-- Assignment --
When copying the listing below, skip every picture and keep each word as it stands.

-- Source material --

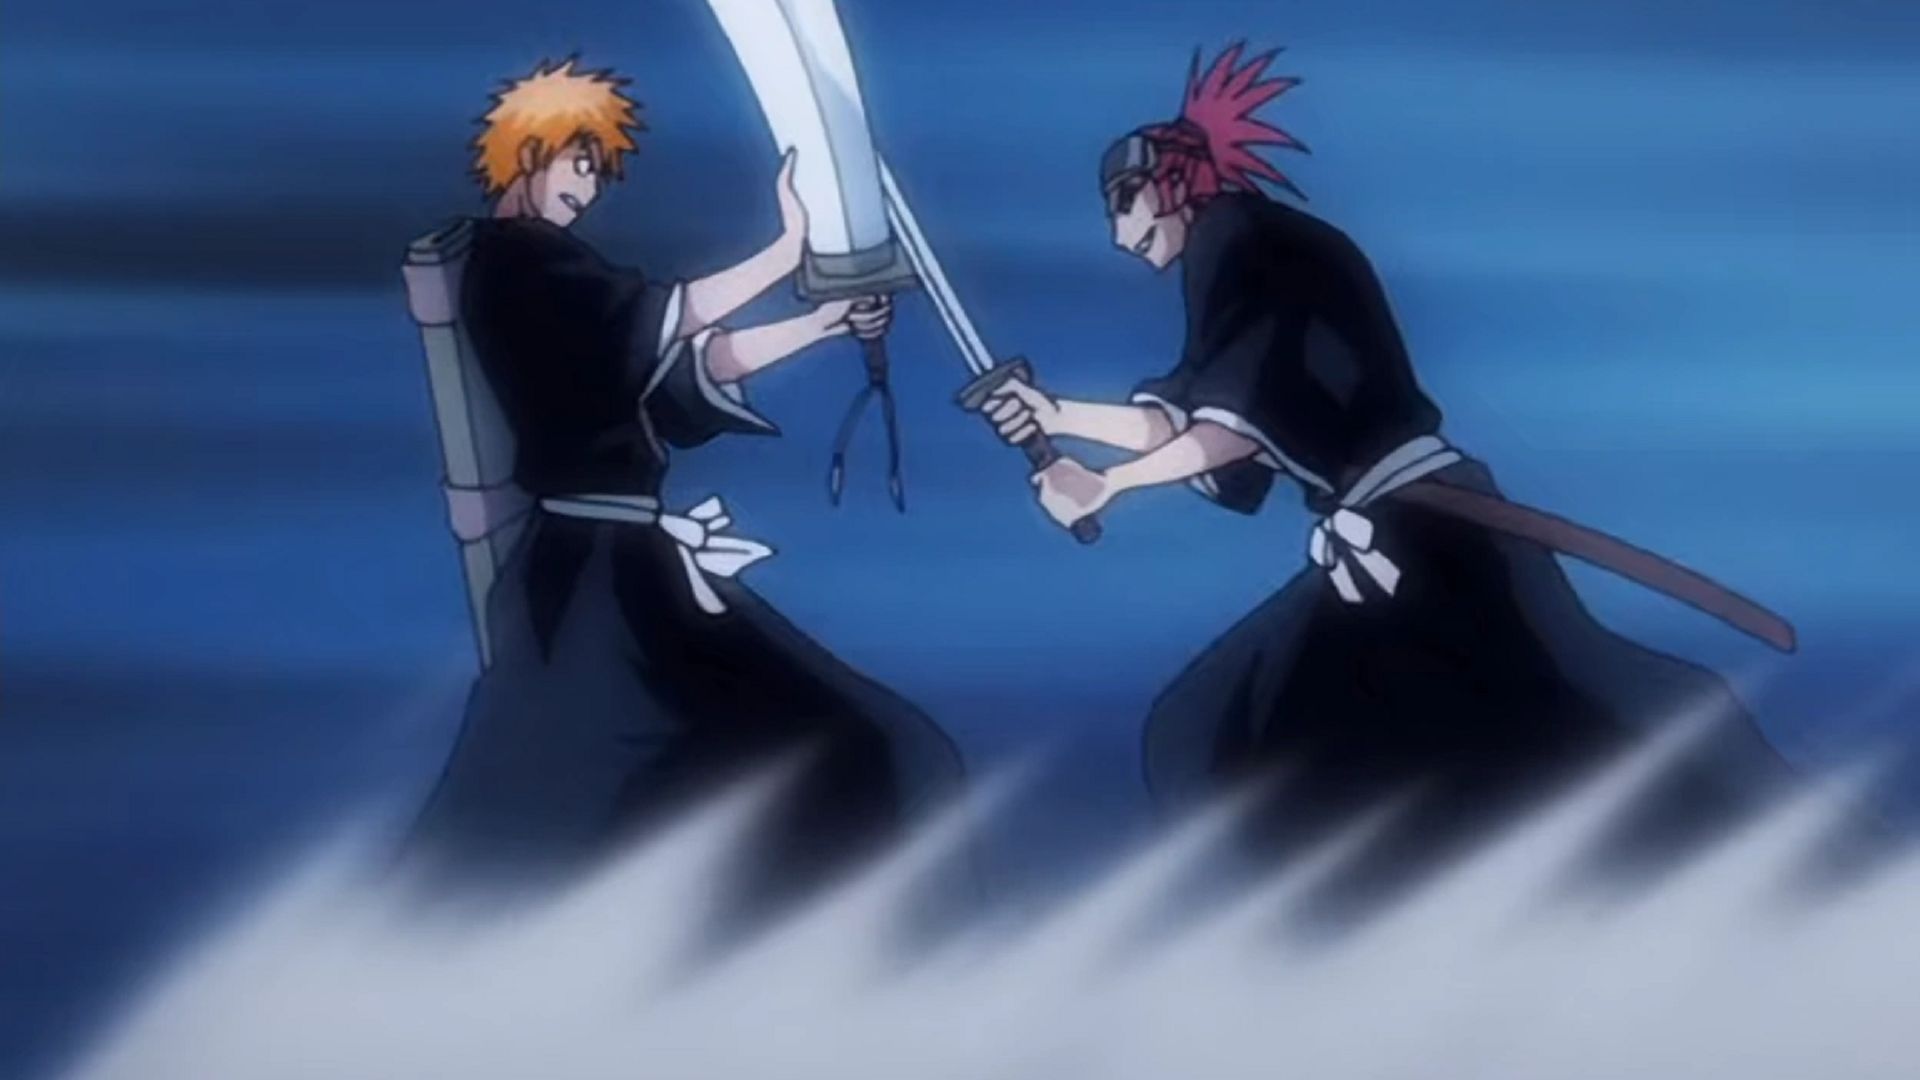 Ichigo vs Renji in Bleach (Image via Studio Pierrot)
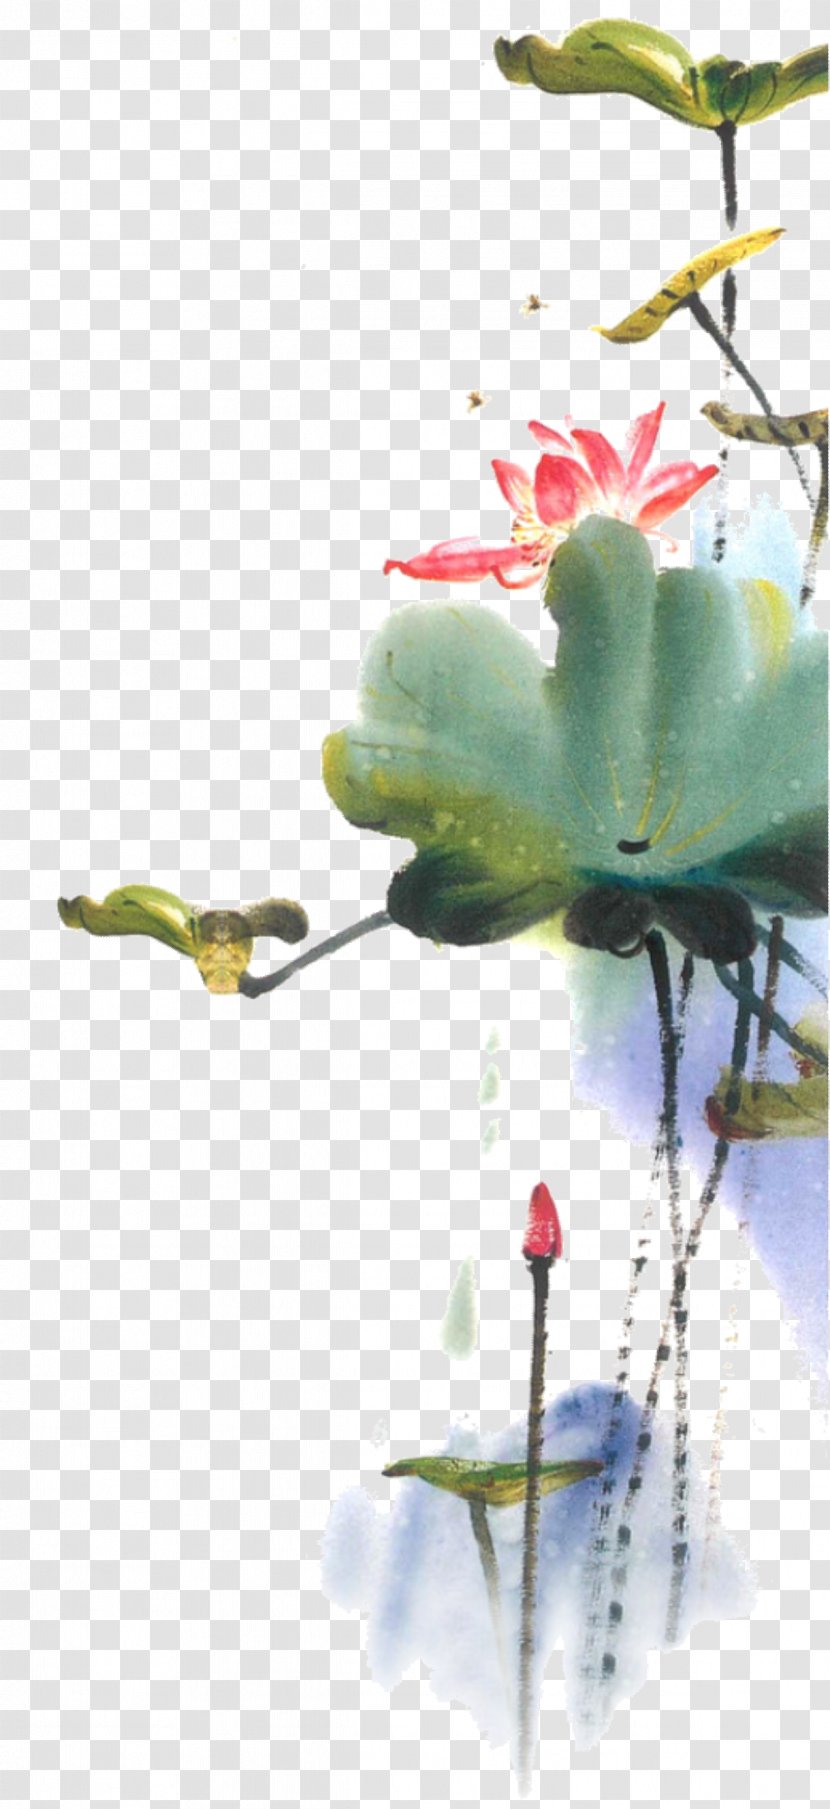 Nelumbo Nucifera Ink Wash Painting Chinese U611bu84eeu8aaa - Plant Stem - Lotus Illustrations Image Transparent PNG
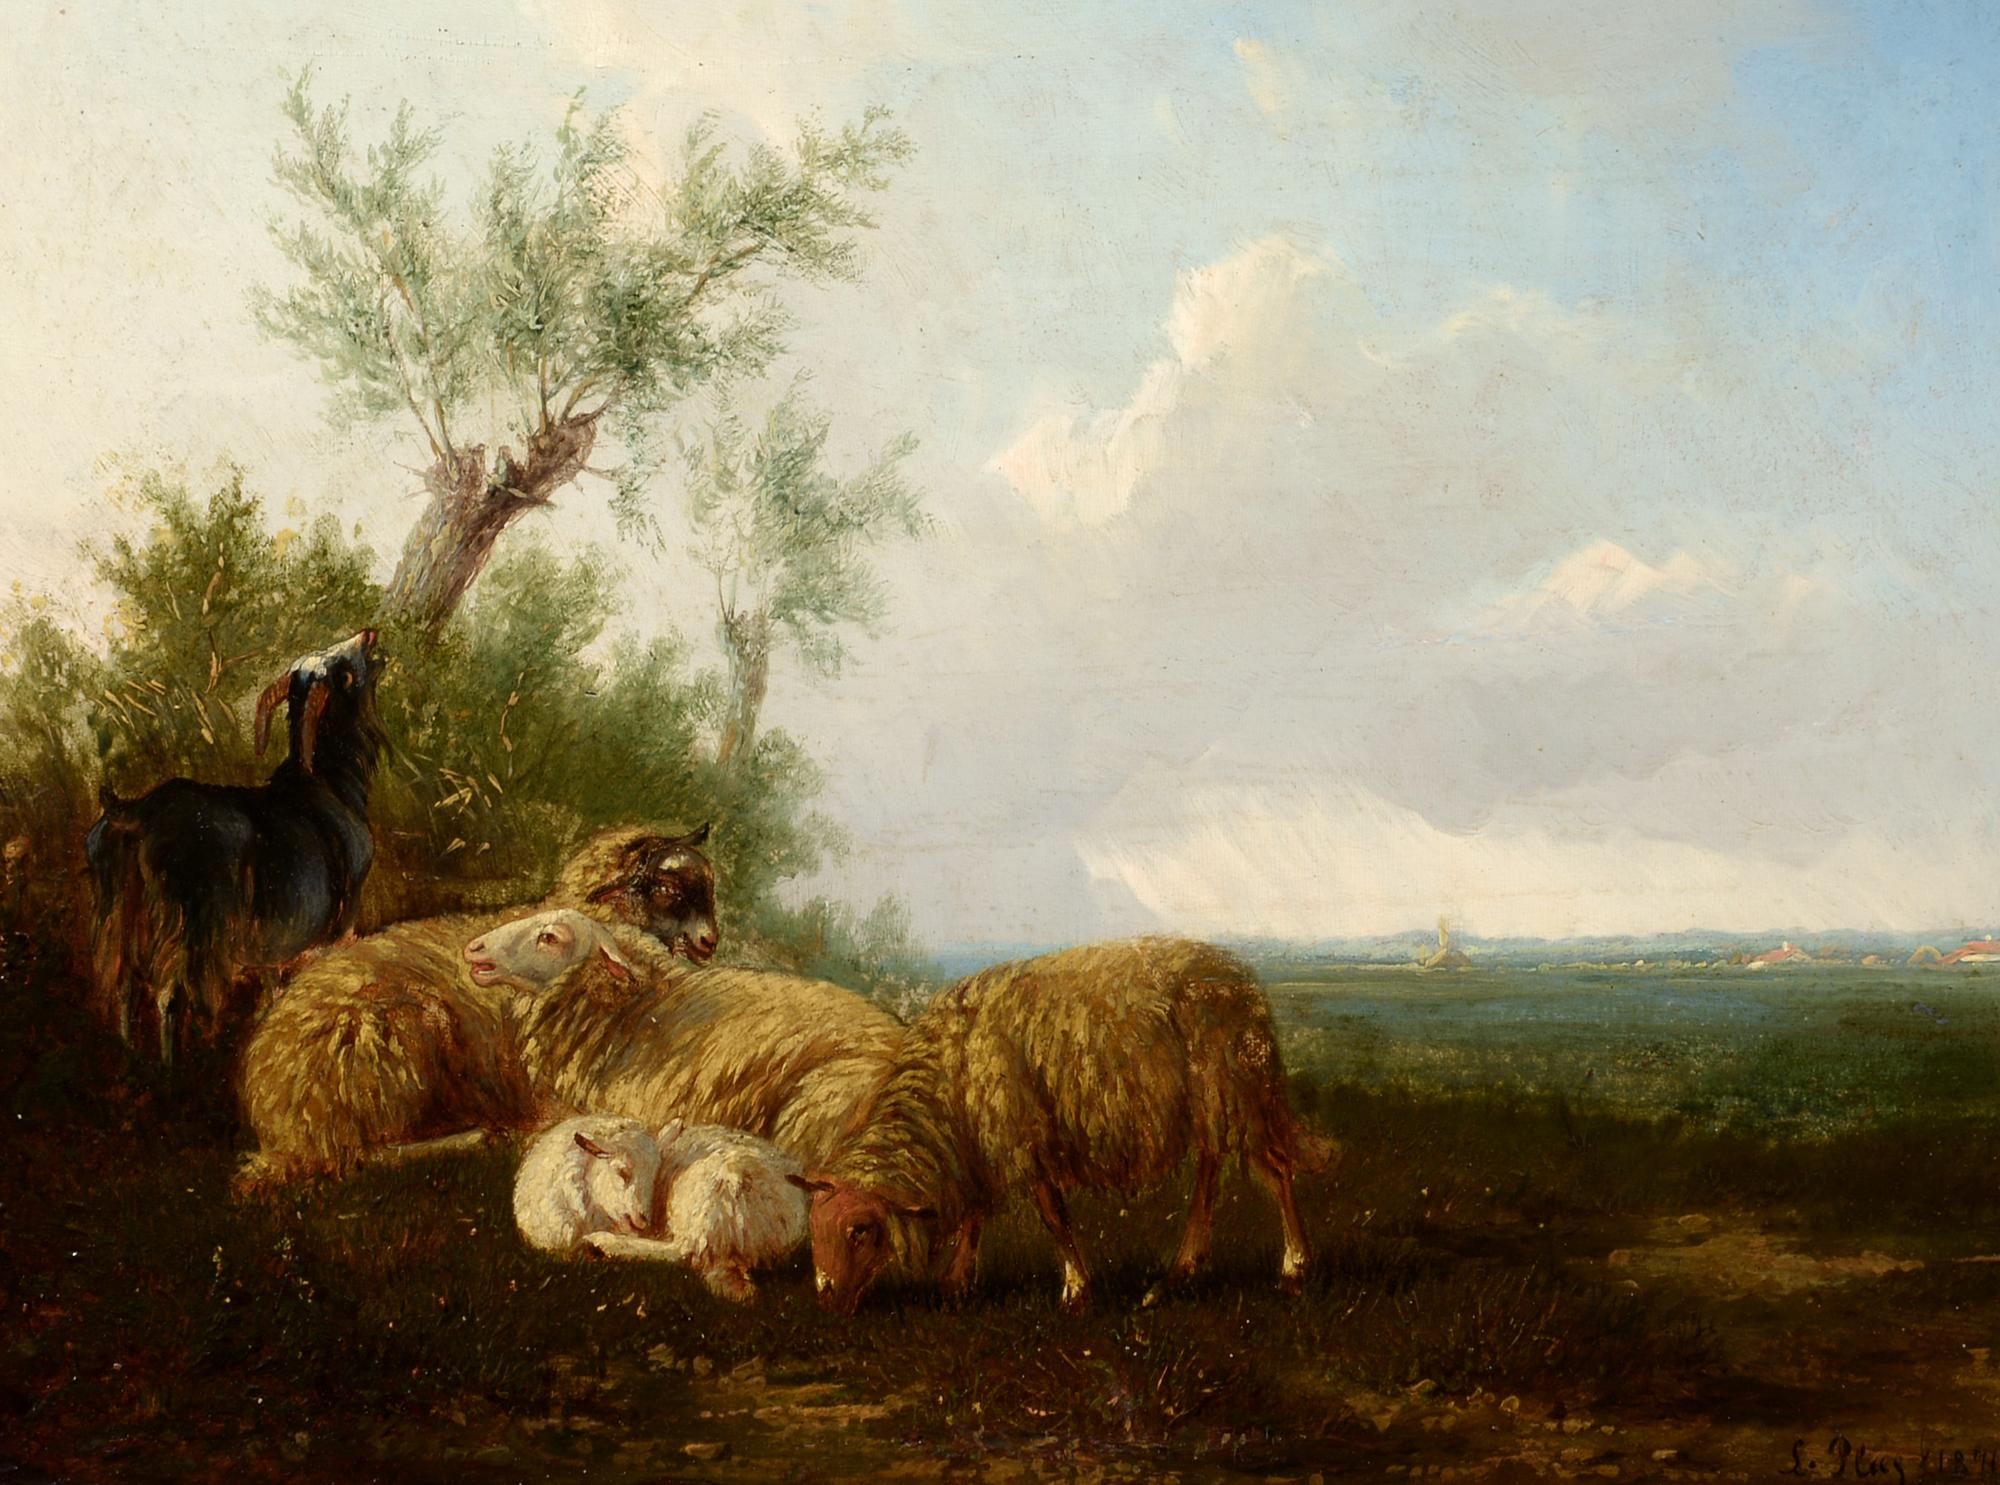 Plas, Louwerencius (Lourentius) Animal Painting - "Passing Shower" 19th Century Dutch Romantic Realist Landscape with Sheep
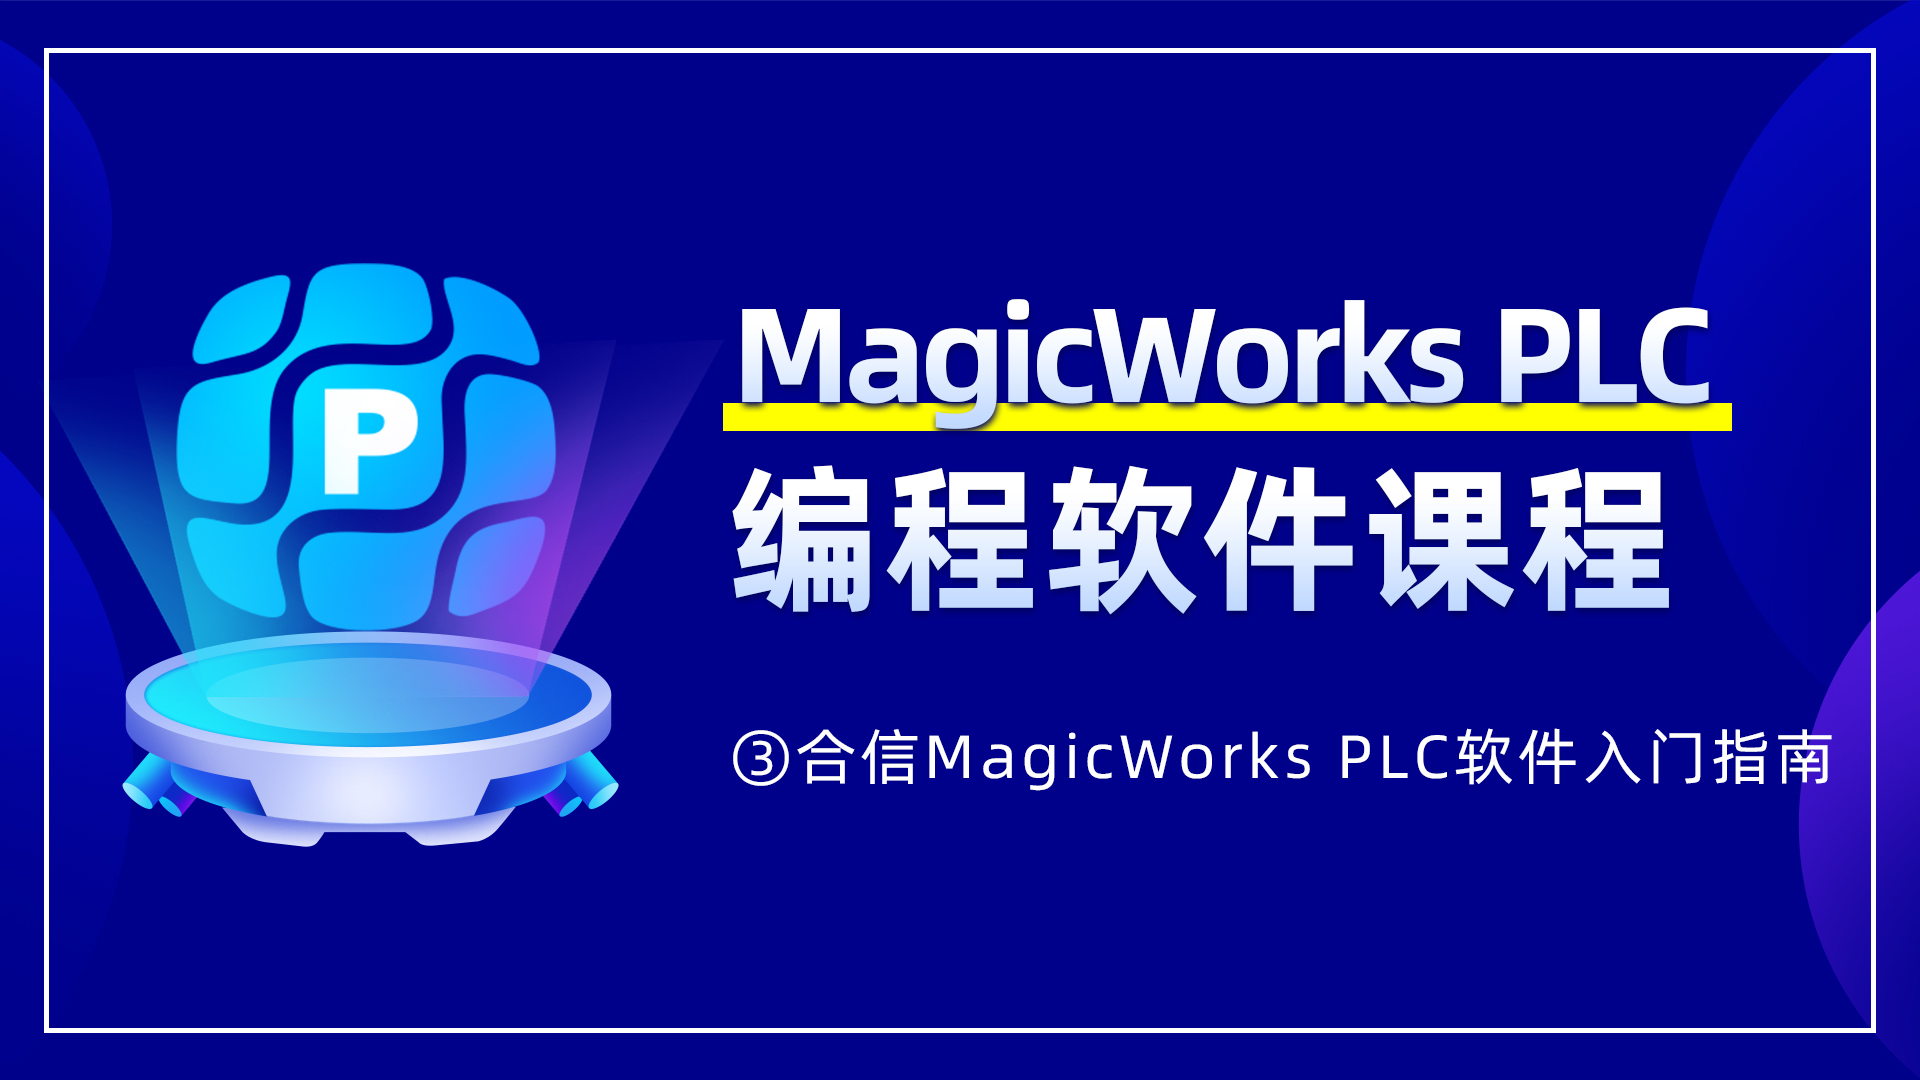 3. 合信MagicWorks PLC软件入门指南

-- Written response --
 Ichigo vs Renji in Bleach (Image via Studio Pierrot)
 Nelumbo Nucifera Ink Wash Painting Chinese U611bu84eeu8aaa - Plant Stem - Lotus Illustrations Image Transparent PNG
 Plas, Louwerencius (Lourentius) Animal Painting - "Passing Shower" 19th Century Dutch Romantic Realist Landscape with Sheep
 3. 合信MagicWorks PLC软件入门指南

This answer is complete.